On the other hand, manifolds admitting Spin(7)-structure with torsion have rich geometry as well. Locally conformal parallel structures have been studied for a long time with Kähler condition being the oldest one. By means of further groups whose holonomy is exceptional, the choices of the G 2 and Spin(7) deserves attention. Ivanov [3], [4], [5] introduces a condition when an 8-dimensional manifold admits locally conformal parallel Spin(7) structure.
Salur and Yalcinkaya [6] studied almost symplectic structure on Spin(7)-manifold with 2-plane field. Then, Fowdar [2] studied Spin(7) metrics from Kähler geometry. In this research, we introduce an 8-manifold equipped with locally conformal Spin(7)-structure with 2-plane field.
Then, almost Hermitian 6-manifold can be classified by the structure of M.
References:
[1] M. Fernandez, A Classification of Riemannian Manifolds with Structure Group Spin (7), Annali di Mat. Pura ed App., vol (143), (1986), 101—122.

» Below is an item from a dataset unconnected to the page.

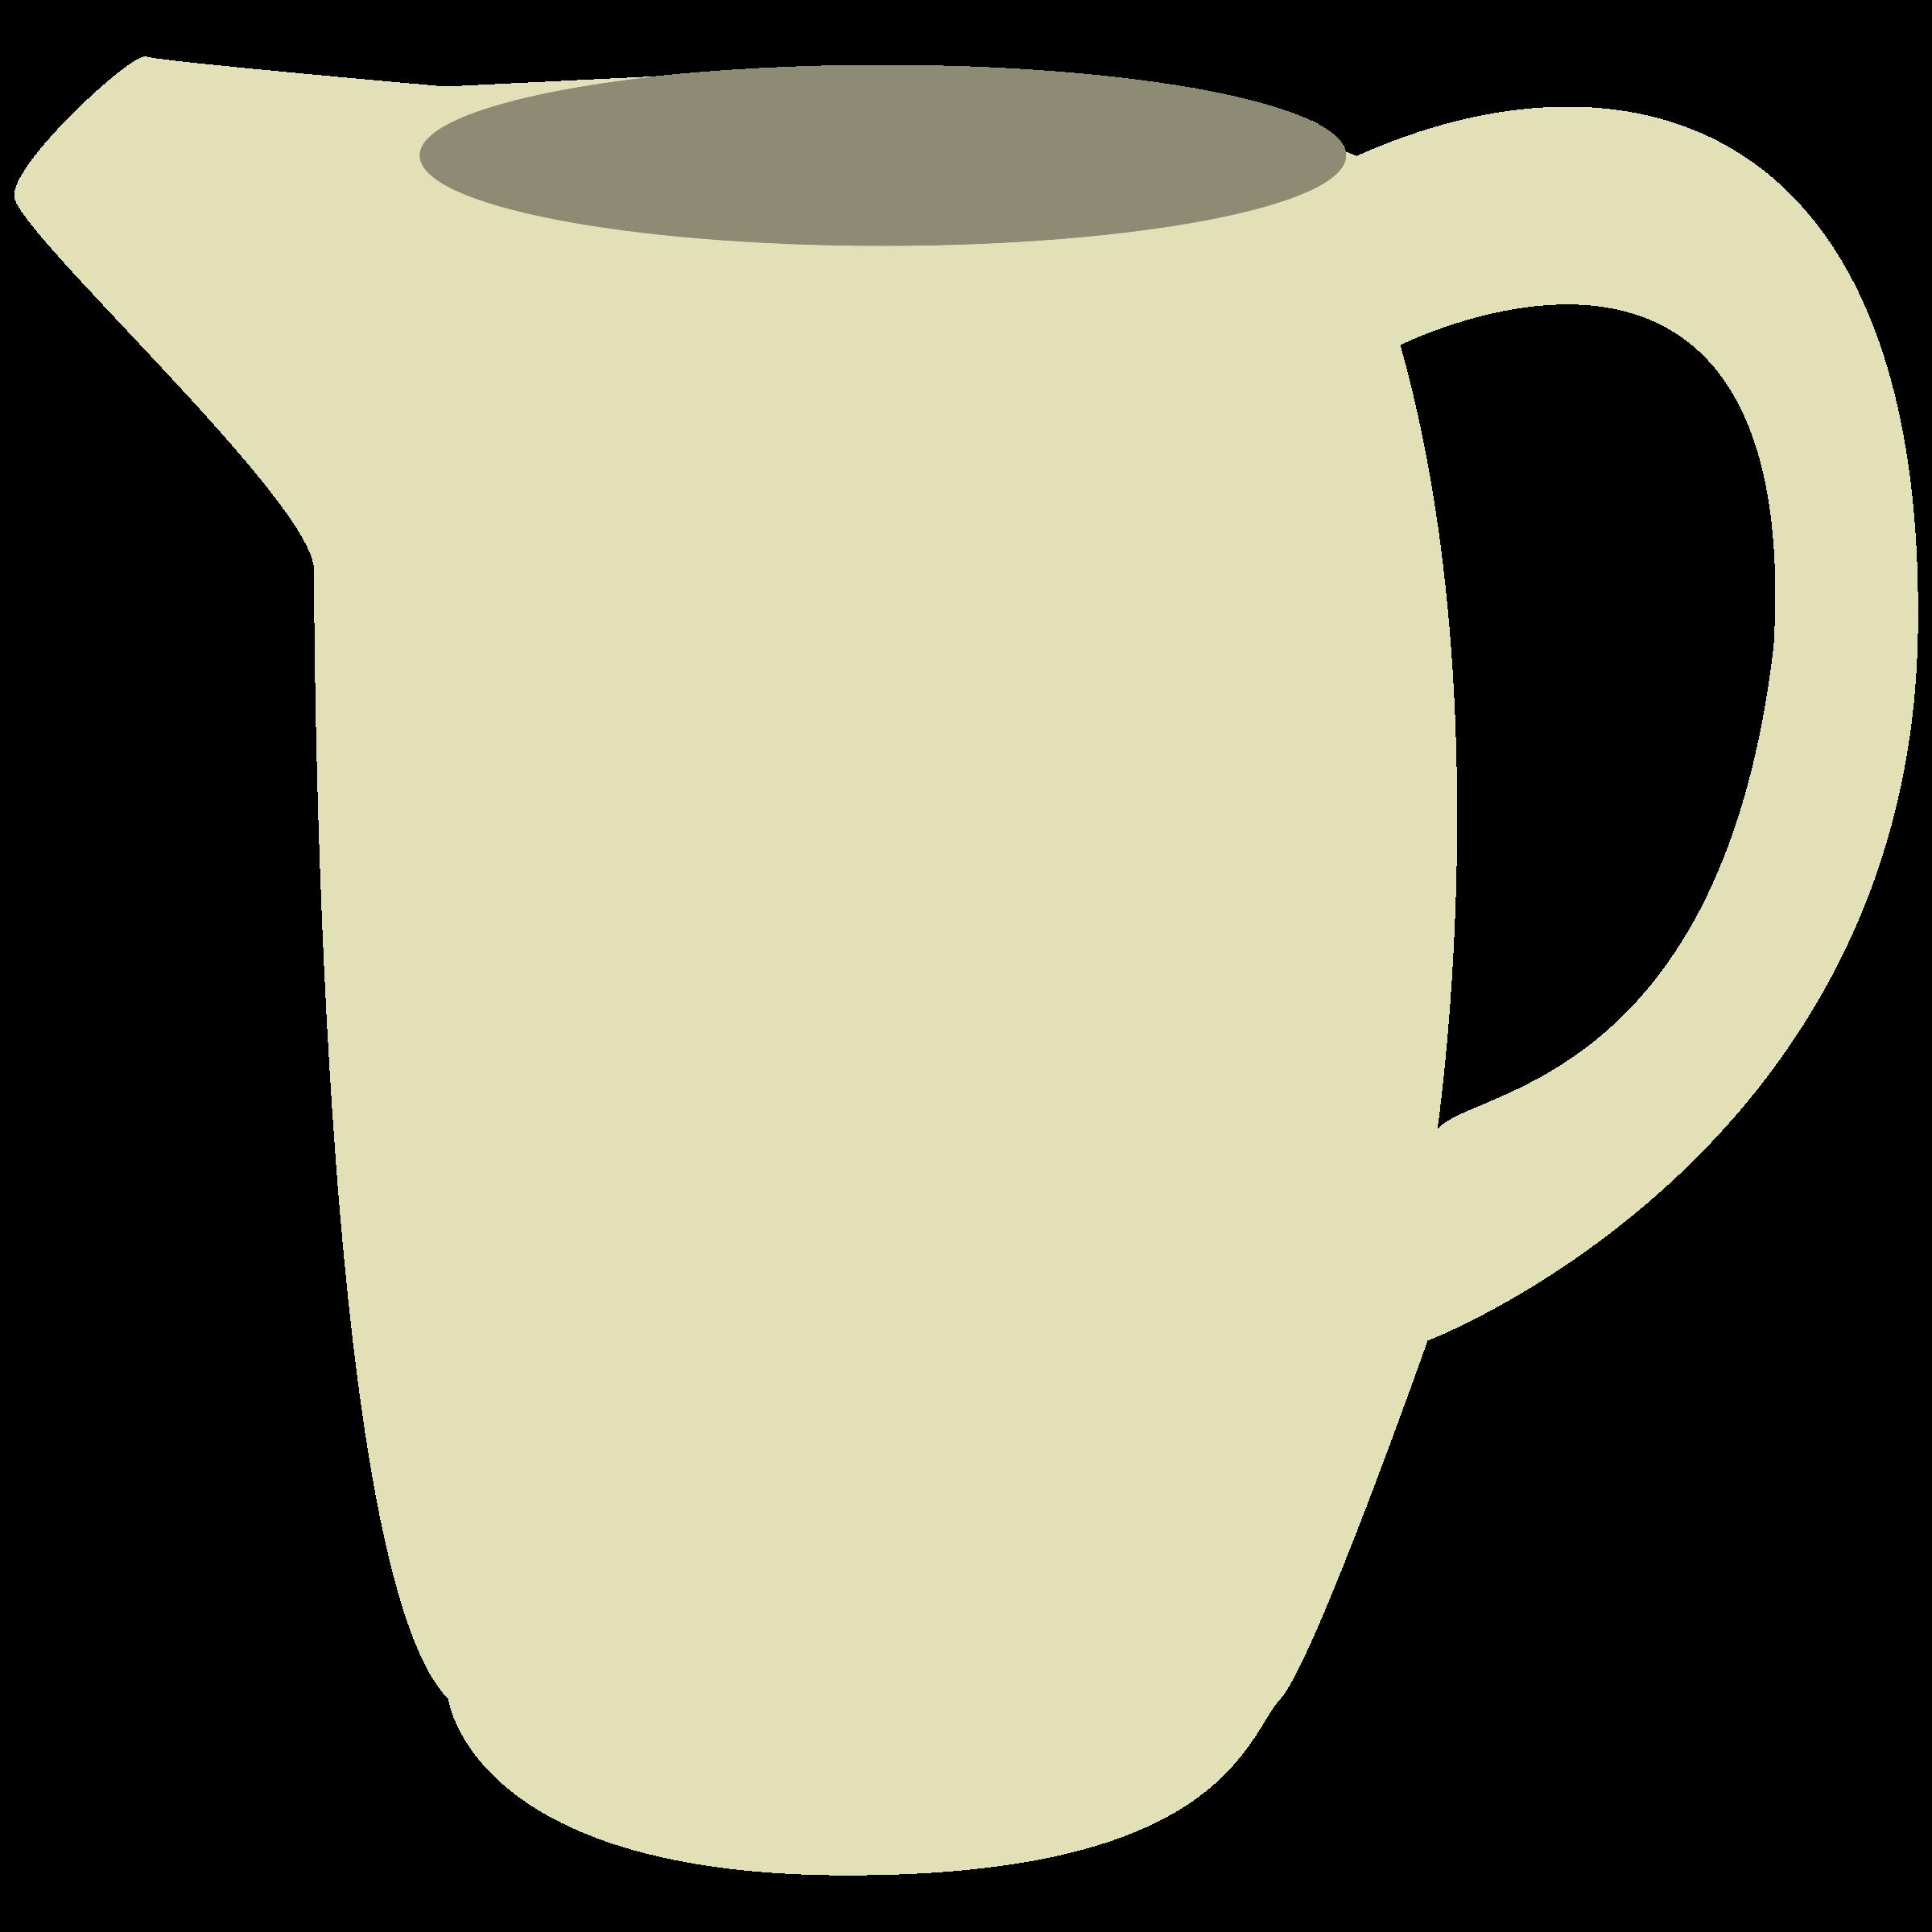 Milk clipart pitcher. Creamer dispenser for tea
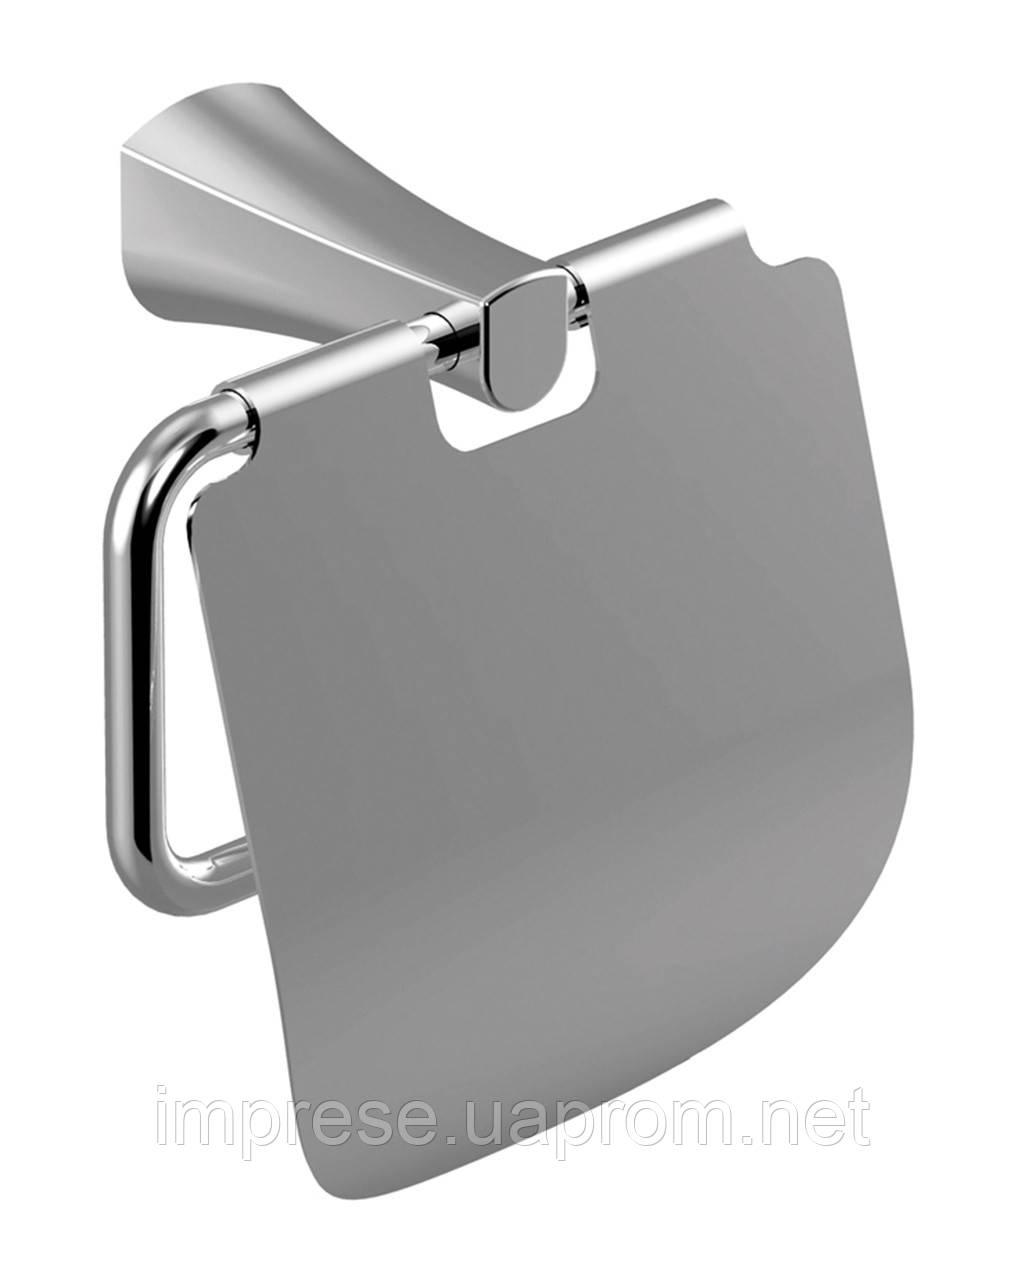 Держатель для туалетной бумаги Cuthna stribro 140280 stribro

[2] U. Fowdar Spin(7) metrics from Kähler Geometry, arXiv:2002.03449, (2020)
[3] S. Ivanov, M. Cabrera, SU(3)-structures on submanifolds of a Spin(7)-manifold, Differential Geometry and its Applications, V 26 (2), (2008) 113–132
[4] S. Ivanov, M. Parton and P. Piccinni, Locally conformal parallel G 2 and Spin(7) manifolds Mathematical Research Letters, V 13, (2006), 167–177
[5] S. Ivanov Connections with torsion, parallel spinors and geometry of Spin(7) manifolds, math/0111216v3.
[6] S. Salur and E. Yalcinkaya Almost Symplectic Structures on Spin(7)-Manifolds, Proceedings of the 2019 ISAAC Congress (Aveiro, Portugal), 2020)
Language: EN